翔は、氷室の氷を使った冷却技術を試すため、藩との交渉を模索していた。しかし、氷室の氷は江戸の権力構造における象徴的な資源であり、藩主や上級武士の特権品だった。「庶民が手を出せるものではない」と、冷たく現実が突きつけられるたびに、翔の焦りは募った。
そんなある日、市場で魚を調べている翔に、ひとりの男が話しかけた。「あんた、氷室の氷を狙ってるらしいな。そりゃあ、相当に無謀な話だ。」声の主は、歳のころ四十代後半の堂々とした商人風の男だった。
「俺は伊兵衛。この市場の魚問屋を仕切ってる。氷室の氷を商売に使おうなんて、大胆すぎるが、あんたの話には興味が湧いた。俺もいい魚をいい値で売りたいからな。

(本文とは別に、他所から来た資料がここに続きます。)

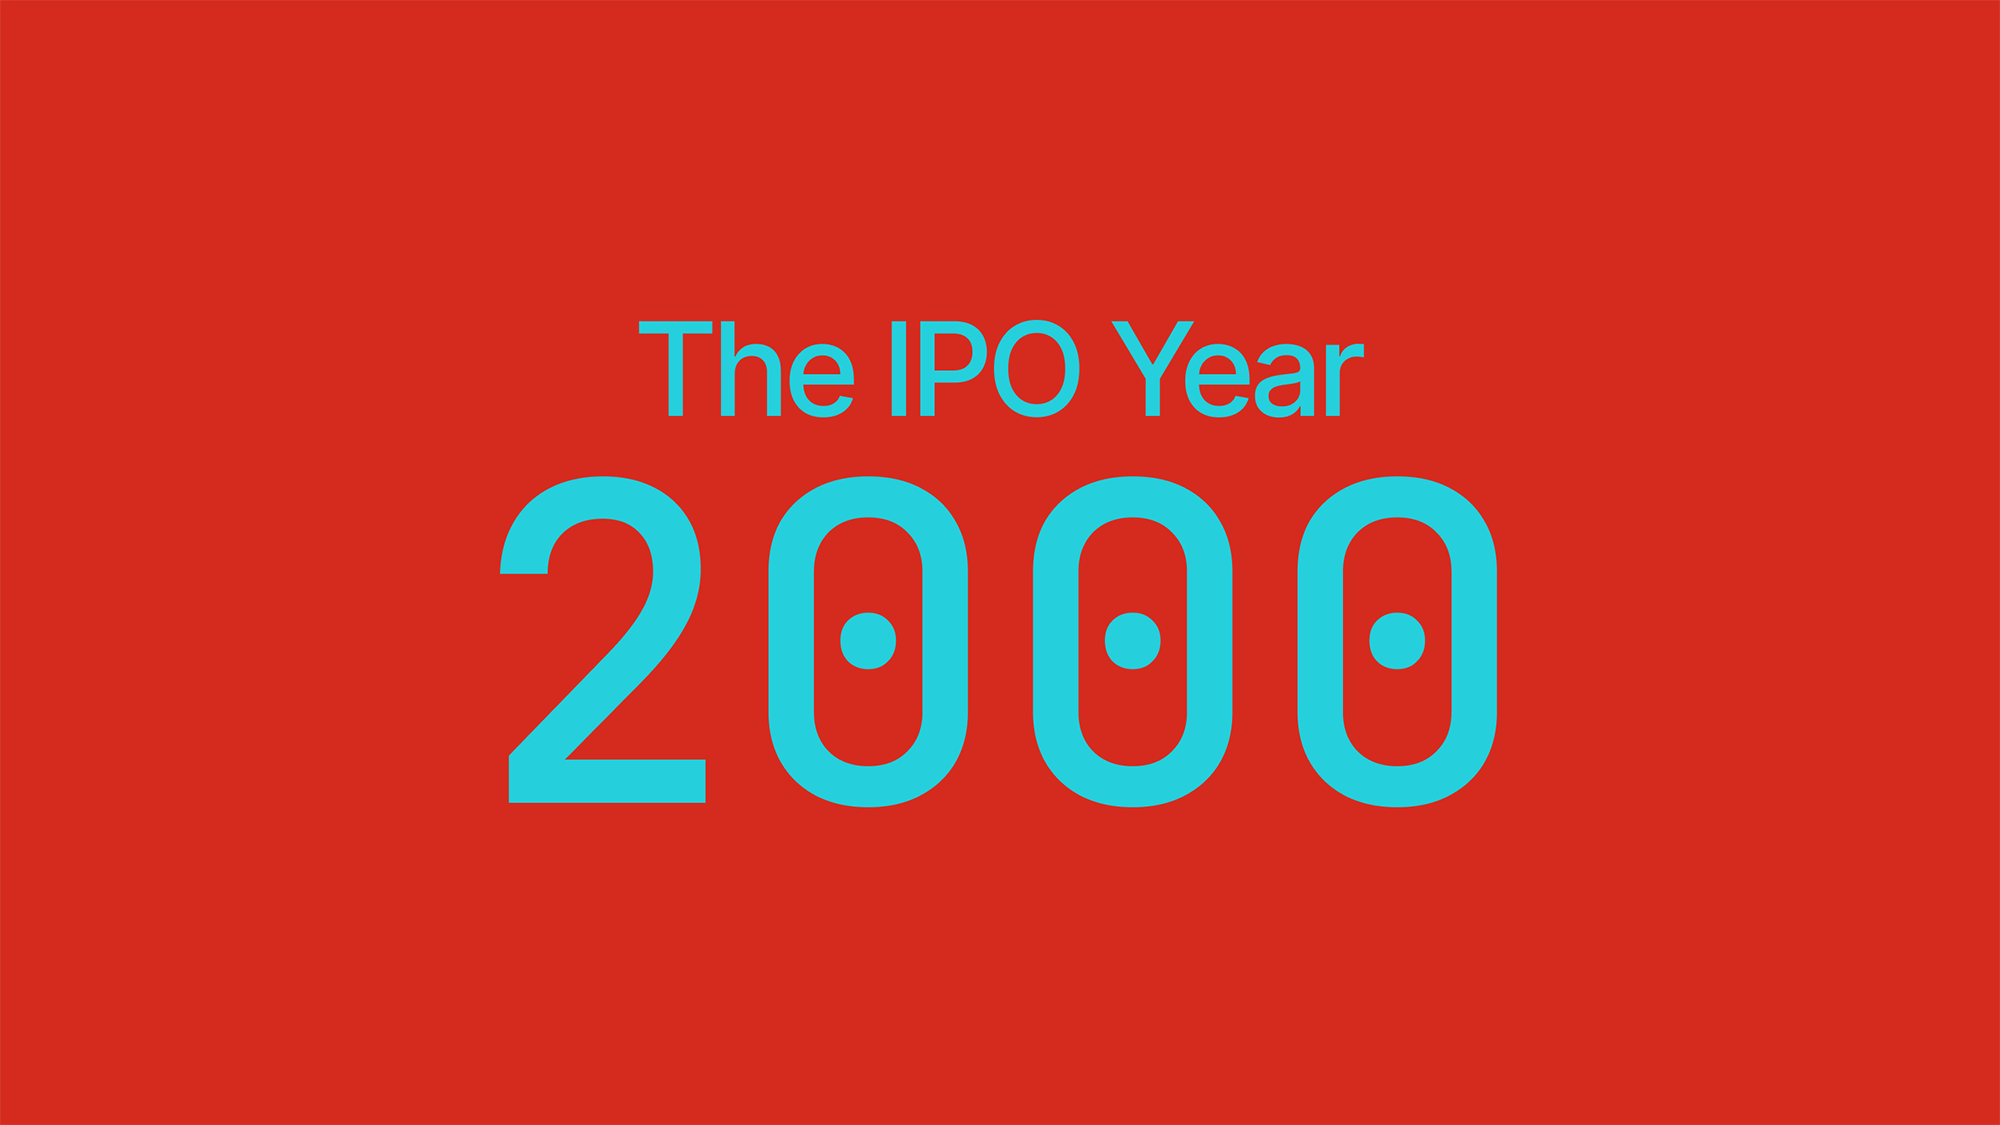 Discover the IPO year of 2000

」伊兵衛の言葉に、翔は思わず胸が高鳴った。
伊兵衛は翔の計画を聞き、協力を申し出た。「役所への口添えぐらいならしてやる。だが、向こうが首を縦に振るかどうかは、あんた次第だ。」
数日後、伊兵衛の引き立てで、翔は藩役所の門をくぐった。冷たい視線を向ける門番に頭を下げ、伊兵衛の人脈を駆使して役人との面会が叶った。しかし、待ち構えていたのは厳しい現実だった。
「氷室の氷は藩主のためのものだ。商いに使うなど論外だ。」役人たちは翔の説明を一蹴した。
伊兵衛が割って入る。「確かにそうかもしれない。しかし、この男の計画が成功すれば、江戸の寿司文化は一変する。結果として藩の名声も高まるだろう。」
翔も続けた。「鮮魚を冷やす新しい方法を試し、実現できれば、この町の市場に革命が起きます。そして、それは藩の利益に直結するはずです。」
一瞬、部屋に静寂が訪れた。やがてひとりの役人が口を開いた。「ならば、試験的に少量の氷を提供しよう。ただし、結果が出なければ、今後の協力は断る。」